Sonuç olarak; davacının 08/03/2013 tarihinde eski eşiyle tekrar evlenmesi, İlçe Emniyet Müdürlüğünün 18.03.2010 tarihli tutanağında davacının, eşinin mernis adresinde iki kızı ile birlikte ikamet ettiklerinin tespit edilmesi, davacının kendi mernis adresinde yaşamadığının dairenin kiraya verildiğinin tespit edilmiş olması, Sosyal Güvenlik Denetmeni tarafından tanzim edilen rapor içeriğindeki komşuların yazılı ve imzalı beyanları, özellikle ihbarcı kız kardeşin yazılı ifadesinin somut verilerle örtüşmesi, hususları birlikte değerlendirildiğinde davacı ve eşinin, boşandıkları süreçte de birlikte yaşamaya devam ettikleri sabit olup 5510 sayılı yasanın 59/2. maddesi gereğince Kurumun denetim ve kontrol ile görevlendirilmiş memurları tarafından düzenlenen tutanak içeriğinin de aksi ispat edilemediğinden, davanın reddine karar verilmesi gerekirken kabulüne karar verilmesi isabetsiz olmuştur.

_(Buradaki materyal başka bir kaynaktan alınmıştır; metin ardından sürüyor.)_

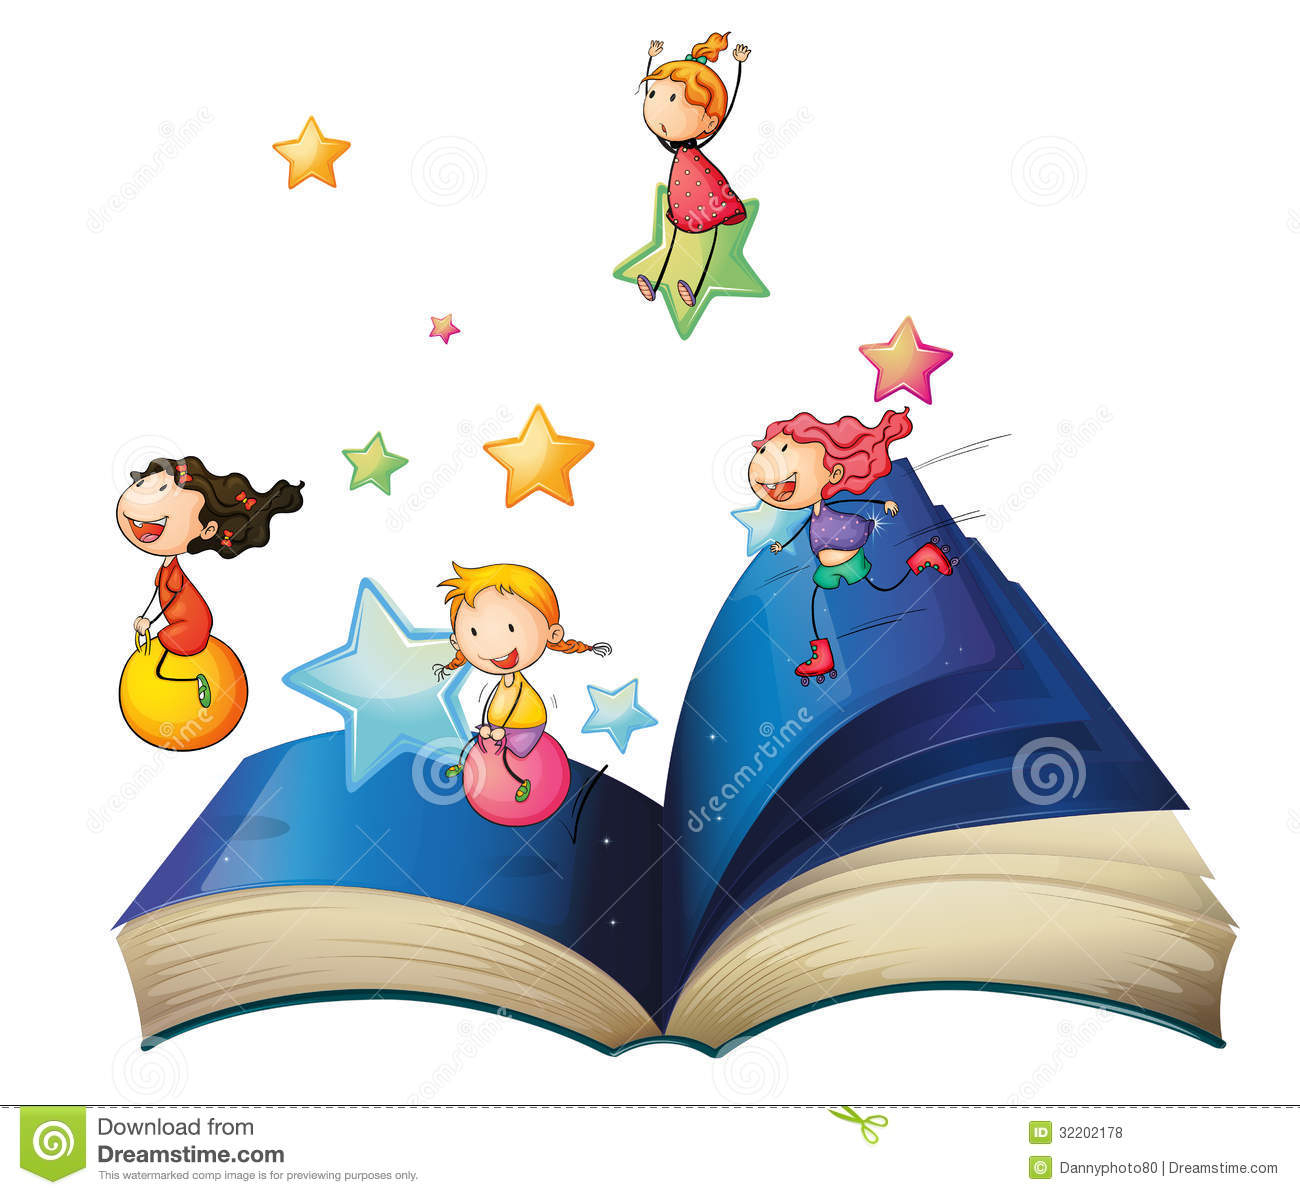 Un Livre Avec Jouer D'Enfants Illustration De Vecteur - Illustration Du tout Dessin De Livre
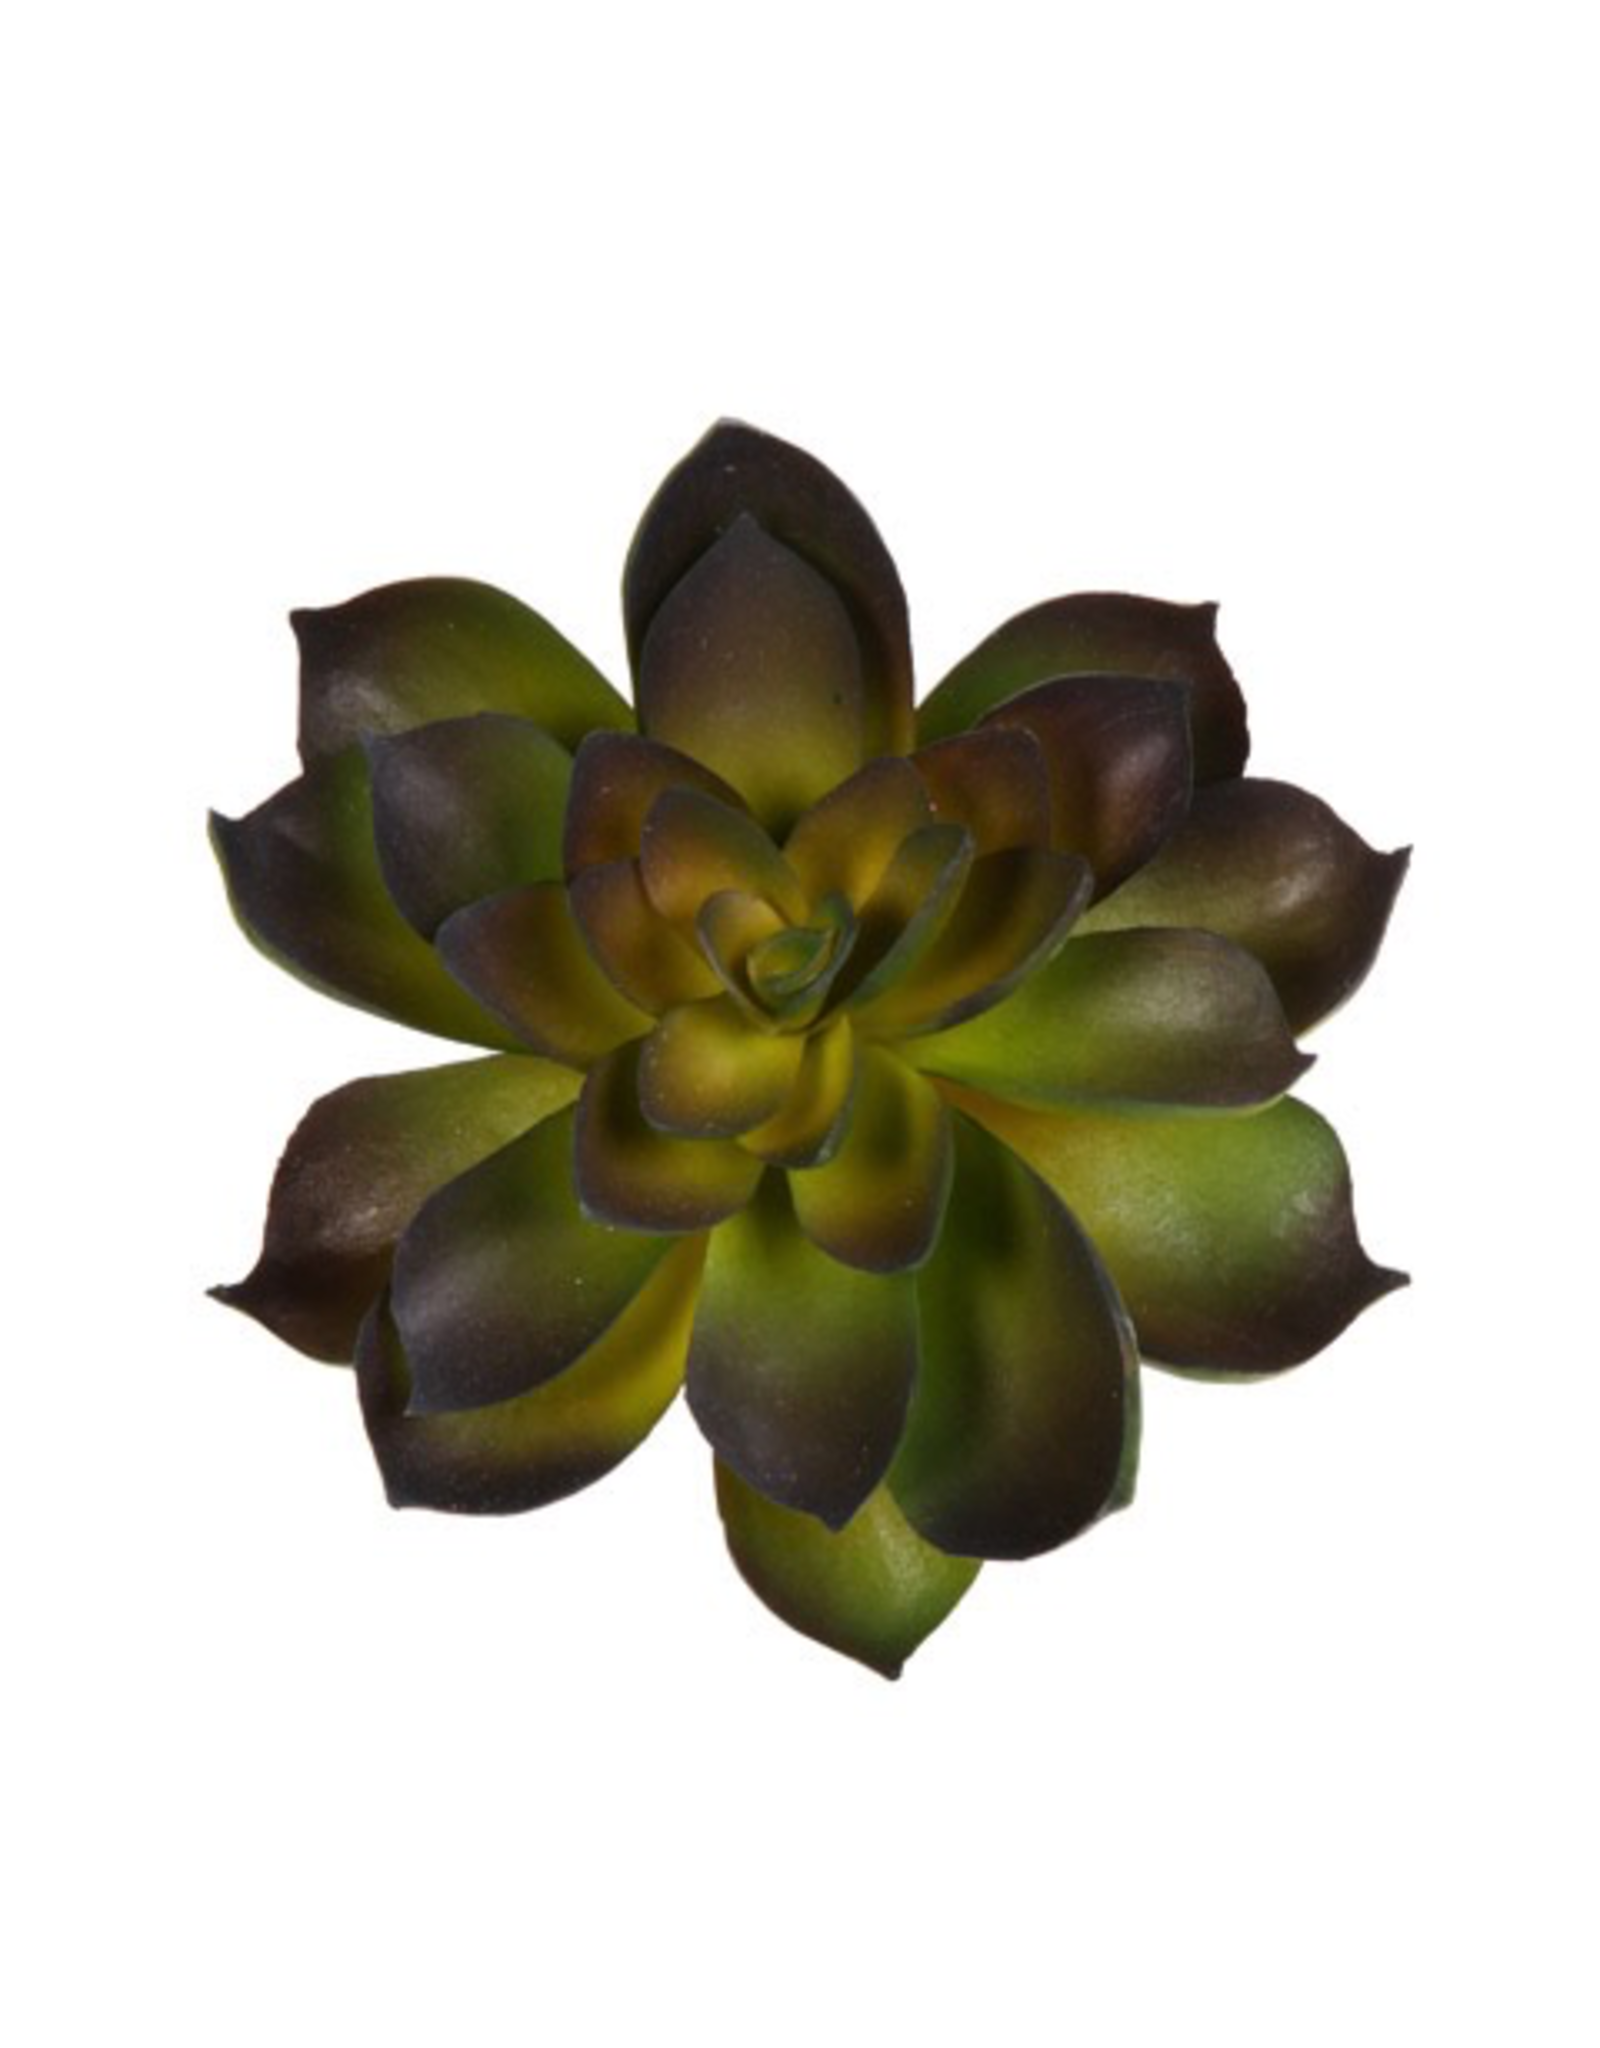 Darice Faux Succulent Green and Dark Purple Echeveria Rosette 4.5 inch

Mahkemece, bu maddi ve hukuki olgular dikkate alınmaksızın yazılı şekilde hüküm kurulması usul ve yasaya aykırı olup bozma nedenidir.
O halde, davalı Kurum vekilinin bu yönleri amaçlayan temyiz itirazları kabul edilmeli ve hüküm bozulmalıdır.
SONUÇ: Hükmün yukarıda açıklanan nedenlerle BOZULMASINA, 18/01/2018 gününde oybirliğiyle karar verildi.